Brought it from cocoblu came the very NXT day no damage in proper condition and it's authentic aswell, also a must read for everyone what an art.
A**N
A great book
‘Maus’ in a way reminded me of the Nadia Murad’s book “the Last Girl”.Both were survivor stories and both were war stories too. Both wars were based on Racism, isn’t most of them are based on that?I have been a big fan of comics while growing up (who isn’t?”) and I thought shifting to the non graphic medium was more mature.Well,I was wrong, obviously.The books of Alan Moore and Frank Miller have showed me that Comics were a spectacular medium when it wanted to be. The Japanese ‘Junji Ito’ was a revelation and now I am constantly digging Graphic novels.Maus is drawn in black and white and the tone fits the story so well. By making the protagonists and antagonists faceless (well, they have faces but he has ingenuously drawn Jews as mice and Germans as cat) he tells us that everything becomes non personal and generic during the time of war, especially the pain, but it is not so. Every guy is fighting his or her battle through the war and each guy’s suffering has its own shades of blue.Pain is looming as a pallid gloom all over them, omnipresent and stifling. It is like there is a thick towel draped over their faces. They have to breathe and see through it and the towel stinks after some time.Read Maus to understand how a war feels like,how hate feels like,how sectarianism feels like,how it feels like to fear for your life every second of the day.A great book in short.
G**G
Worth the read
Really greatly illustrated book
A**L
First Graphic Novel to ever win a Pulitzer Prize!!

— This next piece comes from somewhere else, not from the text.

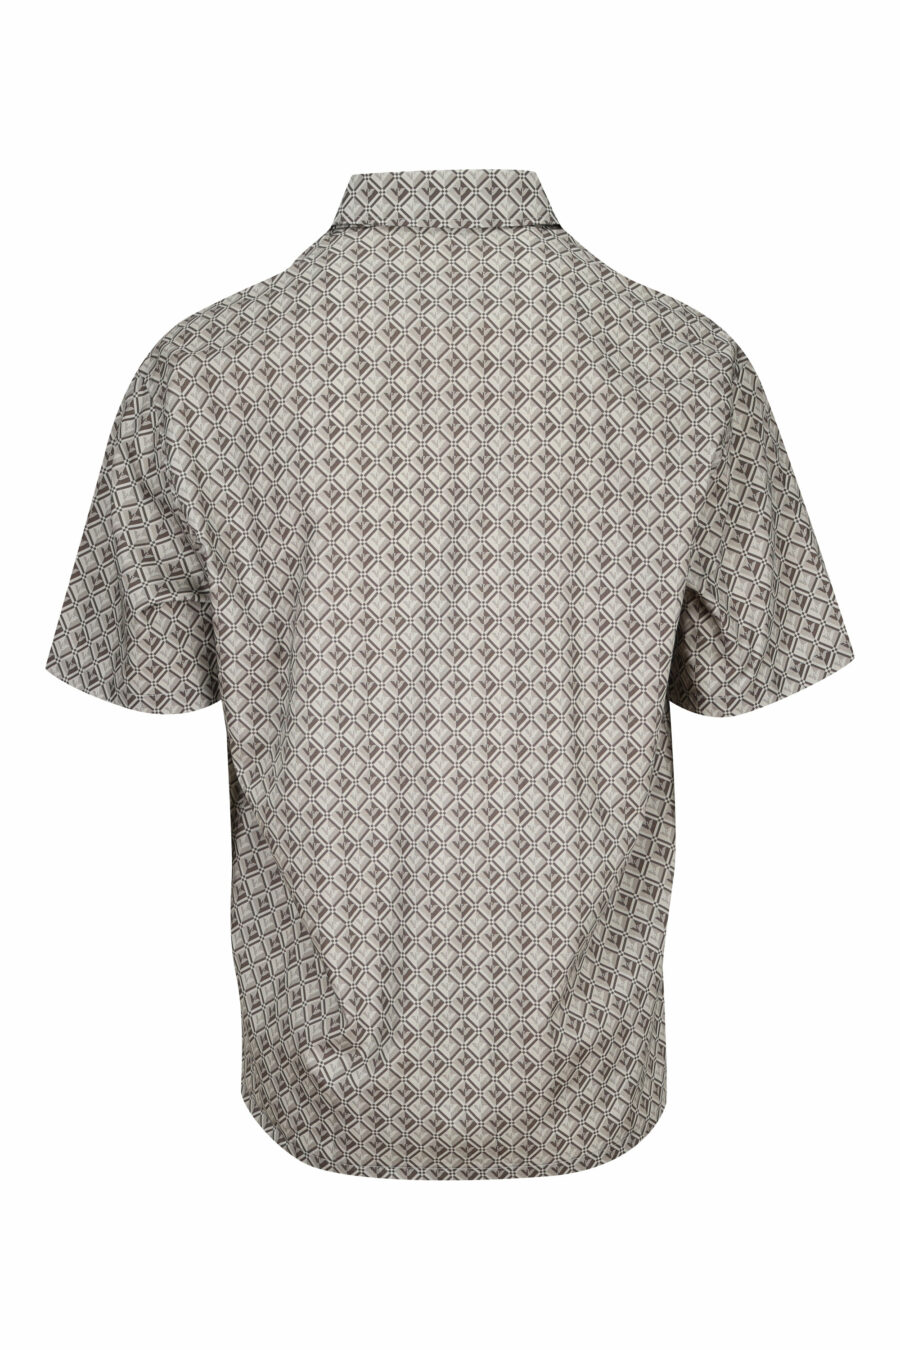 Short sleeve grey diamond shirt with mini-logo - 8057970851387 1

I was like, let's see. And then I saw, I read, I imagined, I felt, and well, I could never have imagined to experience this lot about the holocaust through a comic art book. But, I did and here, it is- a well deserving Pulitzer Prize winner- it's a very interesting take to discover for the ones who haven't yet!!
A**E
Fabulantastic
Maus is a graphic novel by American cartoonist Art Spiegelman, serialized from 1980 to 1991. It depicts Spiegelman interviewing his father about his experiences as a Polish Jew and Holocaust survivor. The work employs postmodern techniques and represents Jews as mice and other Germans and Poles as cats and pigs. Critics have classified Maus as memoir, biography, history, fiction, autobiography, or a mix of genres. In 1992 it became the first graphic novel to win a Pulitzer Prize.In the frame-tale timeline in the narrative present that begins in 1978 in New York City, Spiegelman talks with his father Vladek about his Holocaust experiences, gathering material for the Maus project he is preparing. In the narrative past, Spiegelman depicts these experiences, from the years leading up to World War II to his parents' liberation from the Nazi concentration camps. Much of the story revolves around Spiegelman's troubled relationship with his father, and the absence of his mother who committed suicide when he was 20. Her grief-stricken husband destroyed her written accounts of Auschwitz. The book uses a minimalist drawing style and displays innovation in its pacing, and structure, and page layouts.A three-page strip also called "Maus" that he made in 1972 gave Spiegelman an opportunity to interview his father about his life during World War II. The recorded interviews became the basis for the graphic novel, which Spiegelman began in 1978. He serialized Maus from 1980 until 1991 as an insert in Raw, an avant-garde comics and graphics magazine published by Spiegelman and his wife, Françoise Mouly, who also appears in Maus. A collected volume of the first six chapters that appeared in 1986 brought the book mainstream attention; a second volume collected the remaining chapters in 1991. Maus was one of the first graphic novels to receive significant academic attention in the English-speaking world. Art Spiegelman bought a spectacular change in the way how people look at comics. Amazon , great job.
A**E
Corner of the book was damaged
Book is awesome, adding feedback for packaging which seems to insufficient as the book got damaged in transit.